_Exercise_.
Print exactly the lines from the one that contains "Maison Michel Autumn/Winter" through the last line of the material, both included, and leave out all pictures.

_Input data_.
★ ★ ★
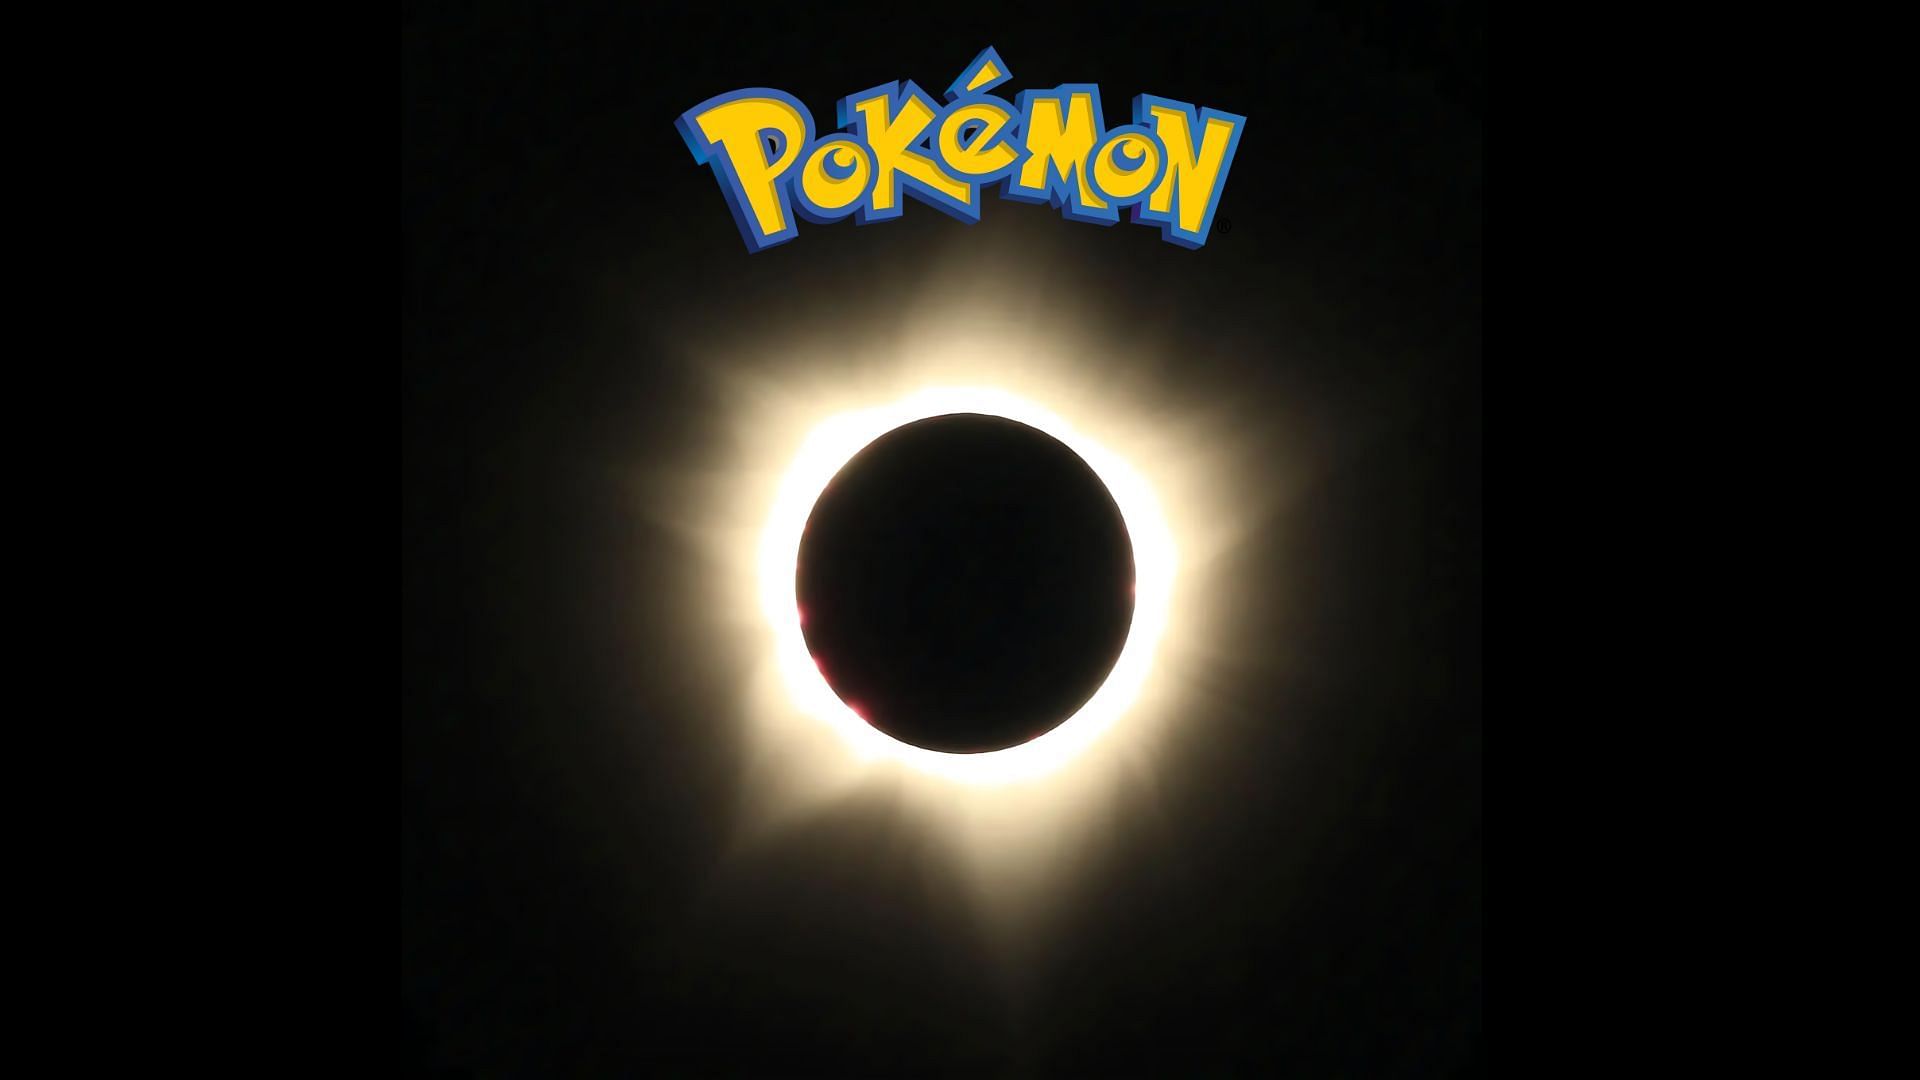 Viral clip gives a Pokemon twist to upcoming solar eclipse
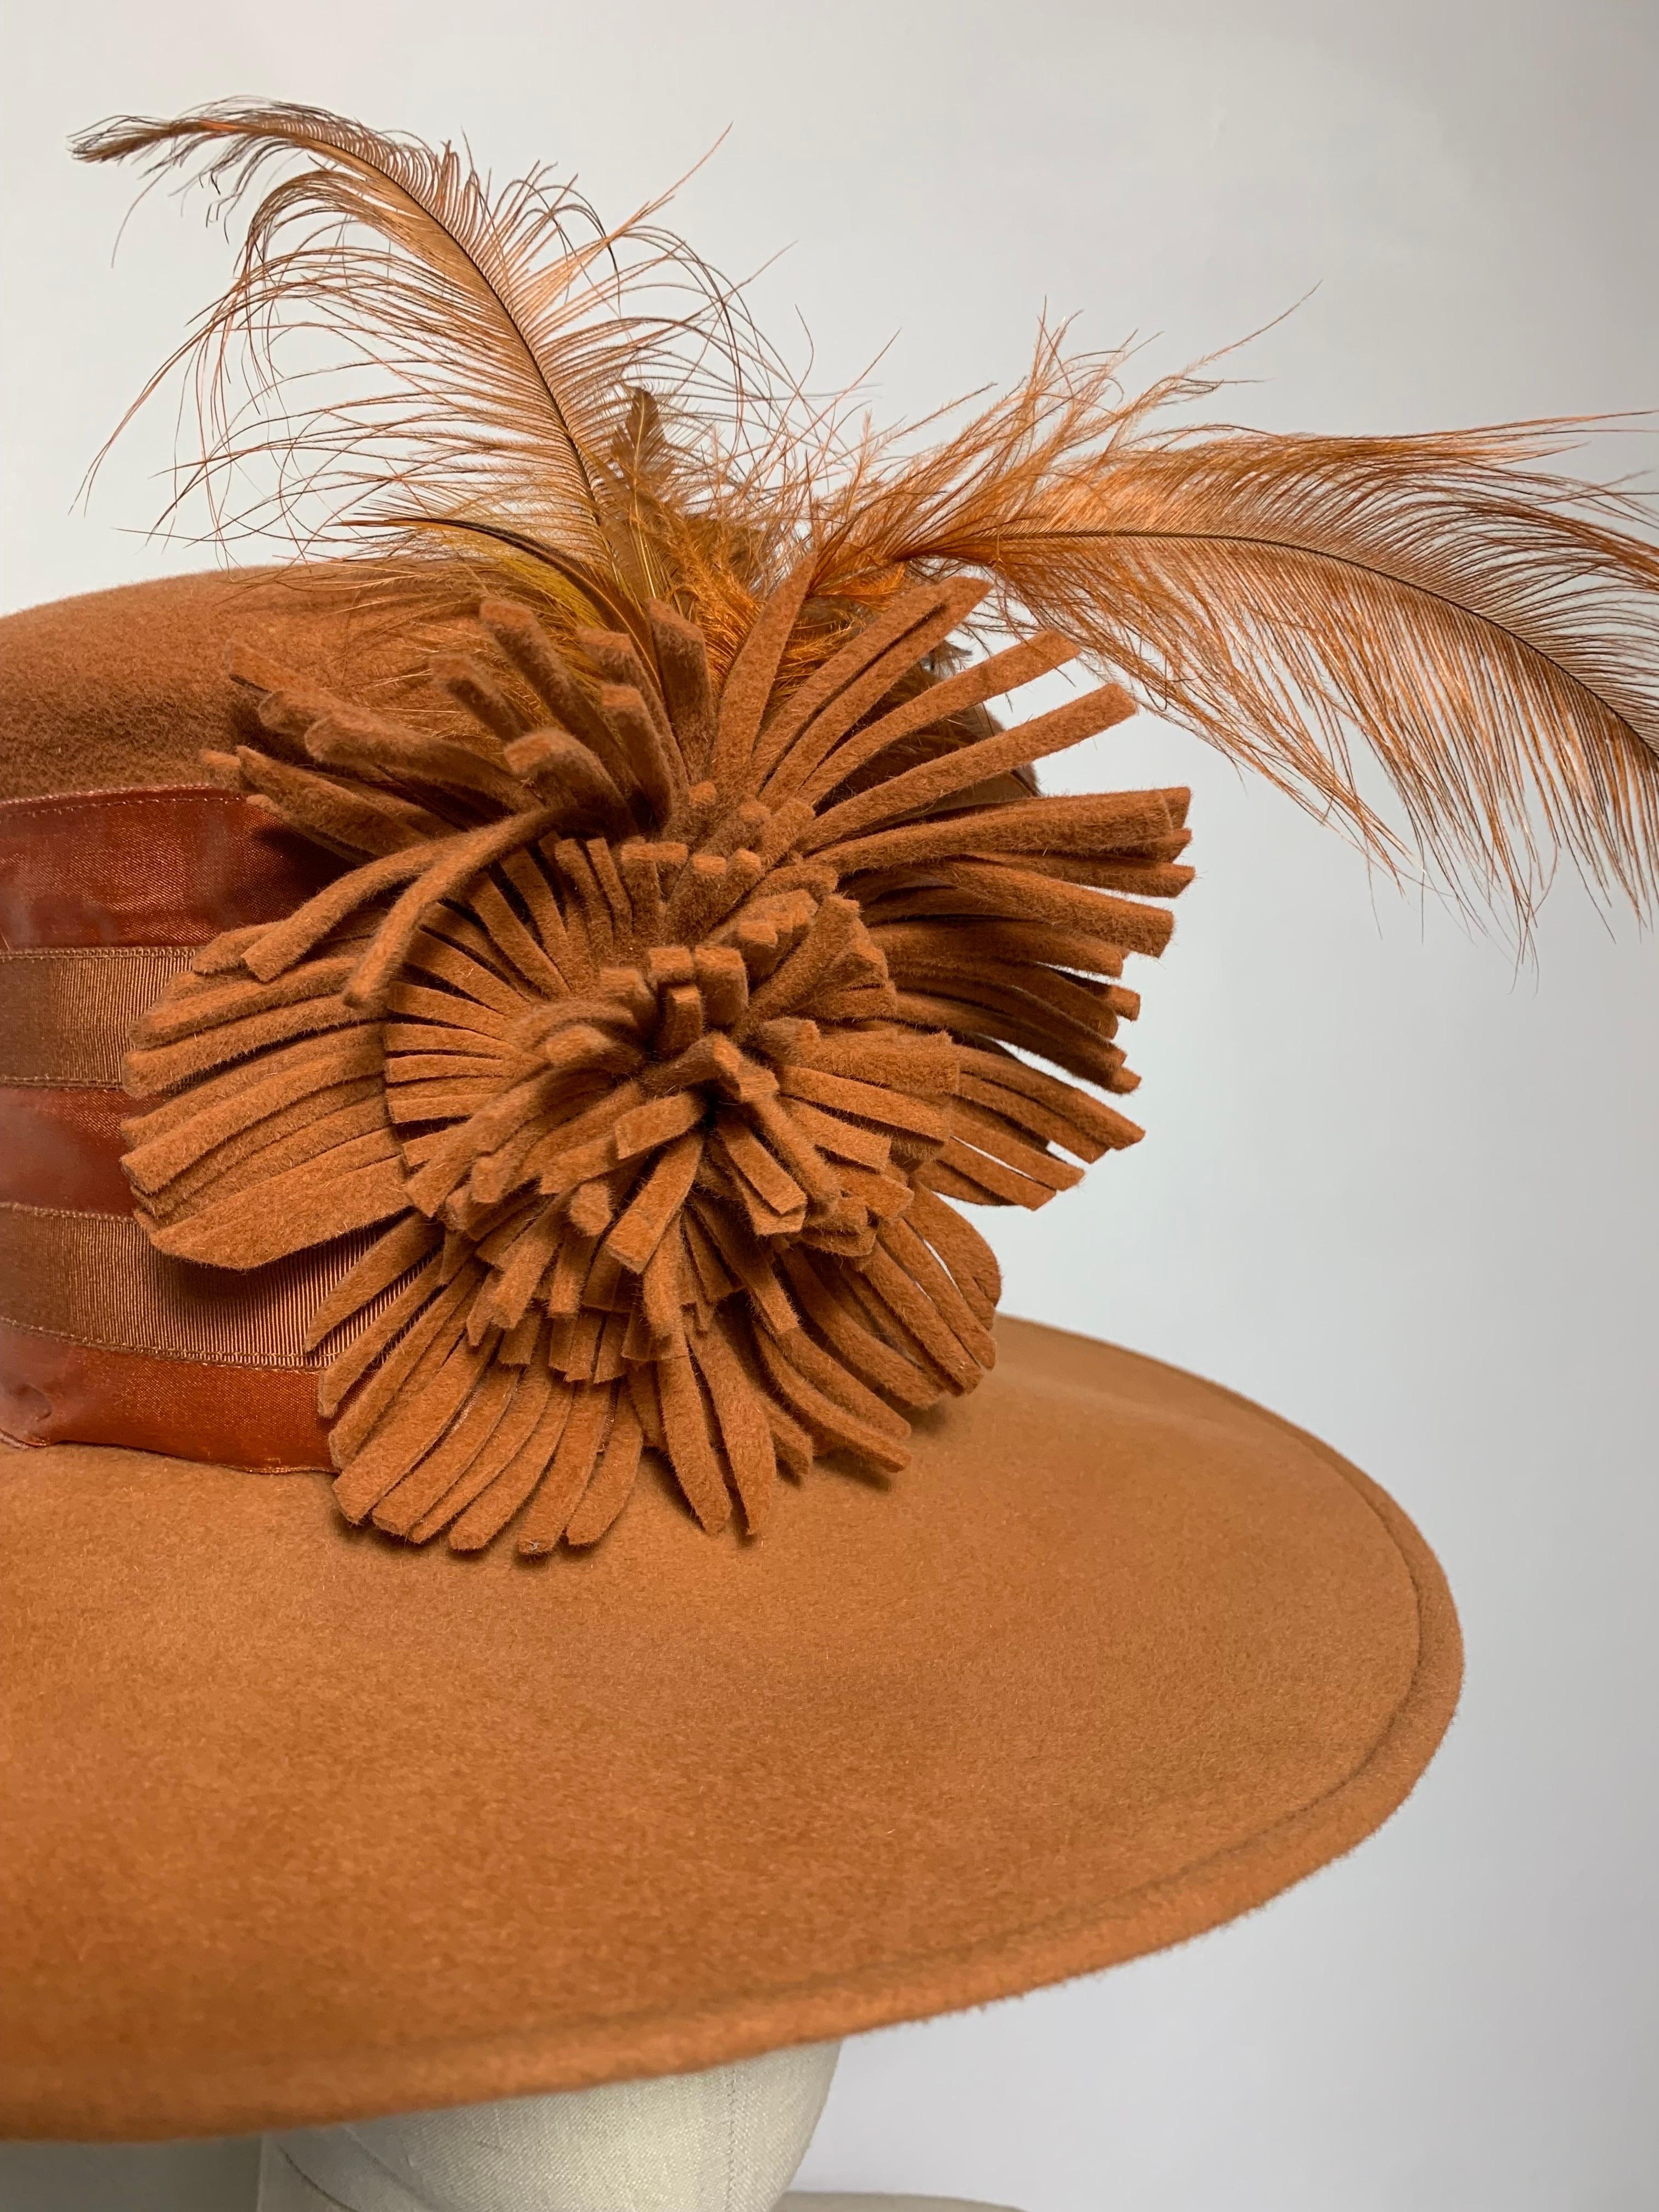 Maison Michel Autumn/Winter Medium Brim Copper Felt  Beautifully Blocked High Top Hat with Matching Flower, Feather and Wide Satin and Grosgrain Striped Band: Unlabeled, with attached combs for securing. Size 6 3/4 Medium. Made in France. 

Please
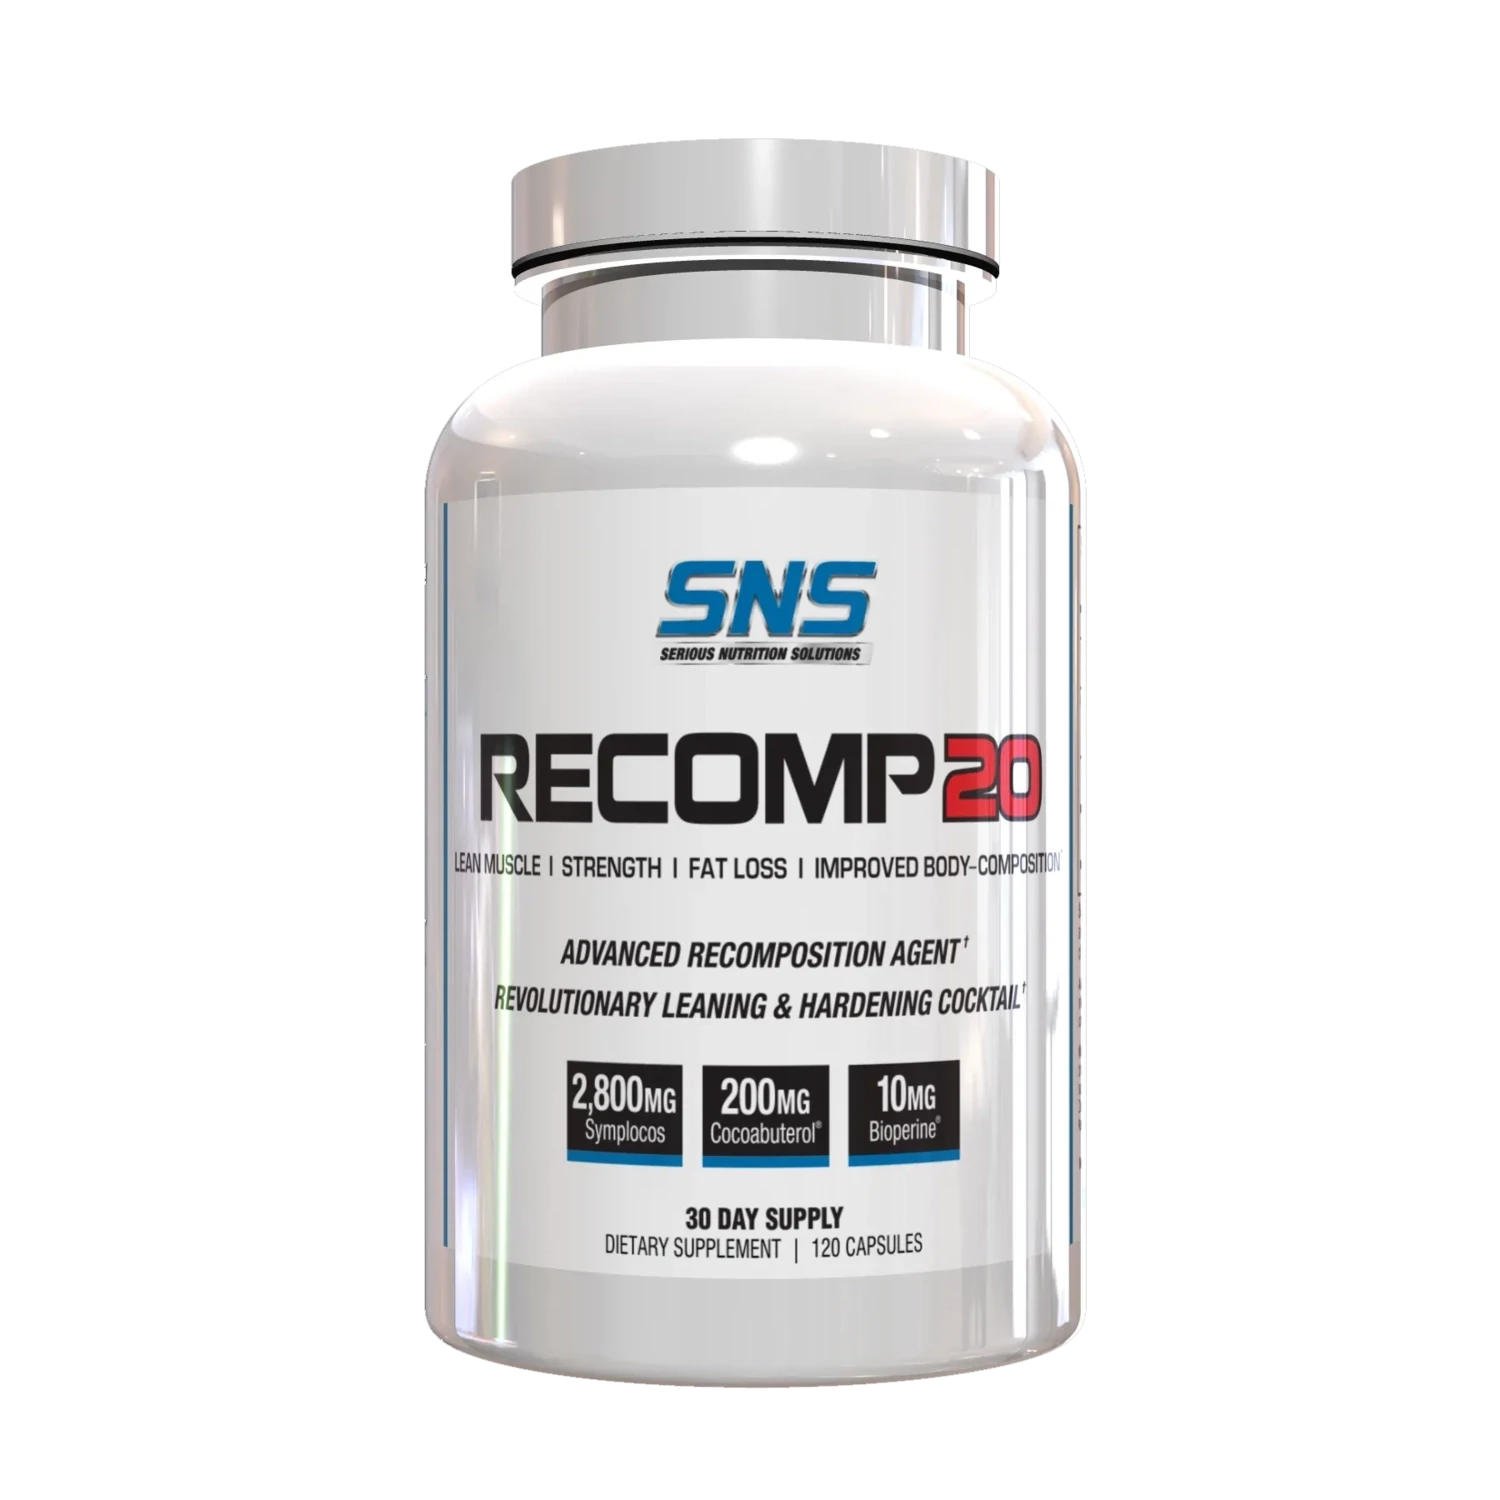 Serious Nutrition Solutions Recomp20
★ ★ ★
_Solution for this task_.
 Maison Michel Autumn/Winter Medium Brim Copper Felt  Beautifully Blocked High Top Hat with Matching Flower, Feather and Wide Satin and Grosgrain Striped Band: Unlabeled, with attached combs for securing. Size 6 3/4 Medium. Made in France. 

Please
 Serious Nutrition Solutions Recomp20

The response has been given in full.